In previous work, fresh semen stains were used instead of frozen semen stains. From the literature, it is known that freezing could affect protein and lipid oxidation; therefore, the effects of freezing on the ageing process should further be investigated [18]. Furthermore, field validation studies are necessary to evaluate the integration of our portable fluorimeter for the age estimation of biological fluids within the existing crime-scene workflow. In addition, miniaturizing the system and simplifying the use of our custom-written software is needed as the software requires specialized knowledge. This will provide the necessary validation for implementing our method in the forensic field. Finally, the portable fluorimeter could potentially have a broad range of future applicability, including the identification of body fluids using specific fluorescent signatures, the differentiation of human remains based on their luminescence, or monitoring the quality of food [19,20,21,22]. Taken together, these study results have demonstrated the great potential of our portable fluorimeter for forensic casework with accuracies that are equal to benchtop instrumentation.

5. Conclusions

In the present study, we have demonstrated the applicability of our noninvasive, low-cost, fluorescence-based age-estimation method for semen stains.
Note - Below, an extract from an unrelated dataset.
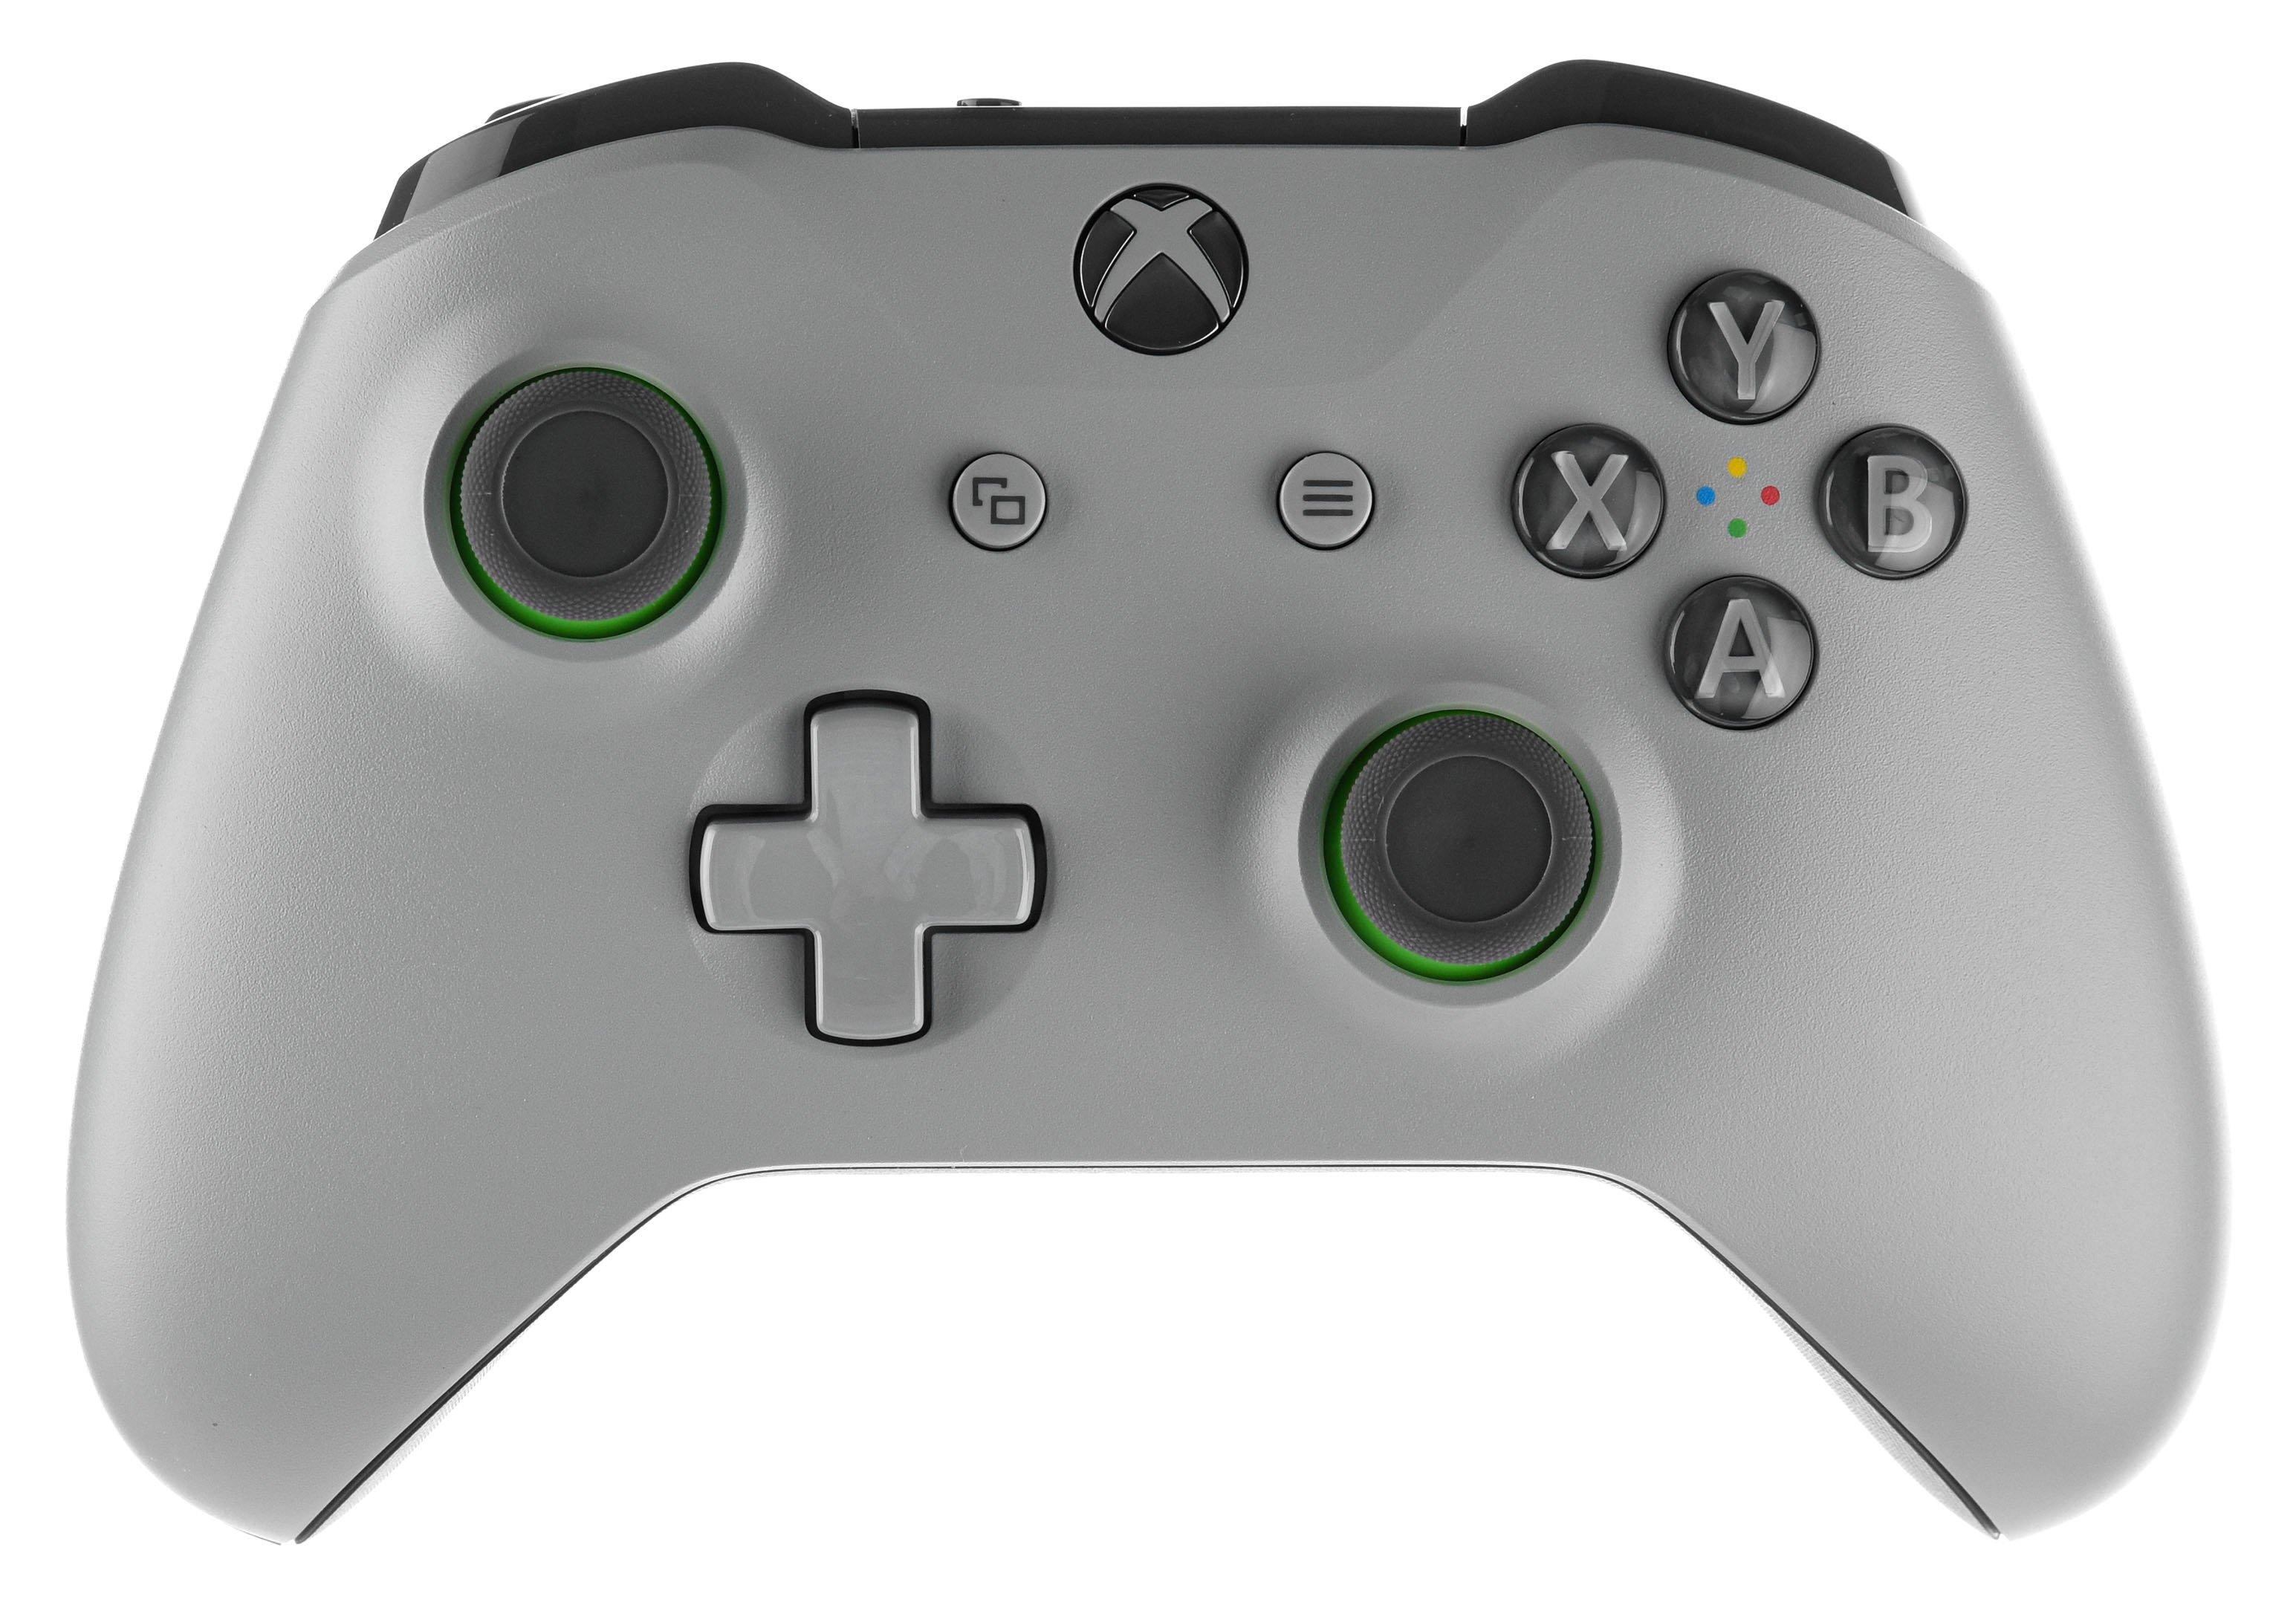 xbox controller grey green

The performed lab validations in this study have demonstrated that age estimation with the portable fluorimeter can be performed with similar accuracies as a benchtop fluorimeter. There is currently no method available with a high level of accuracy for the age estimation of semen stains. Our method has the potential to enhance the quality of crime-scene processing and meets the forensic community’s demand for the quicker acquisition of information without disrupting the existing crime-scene workflow and risking contamination.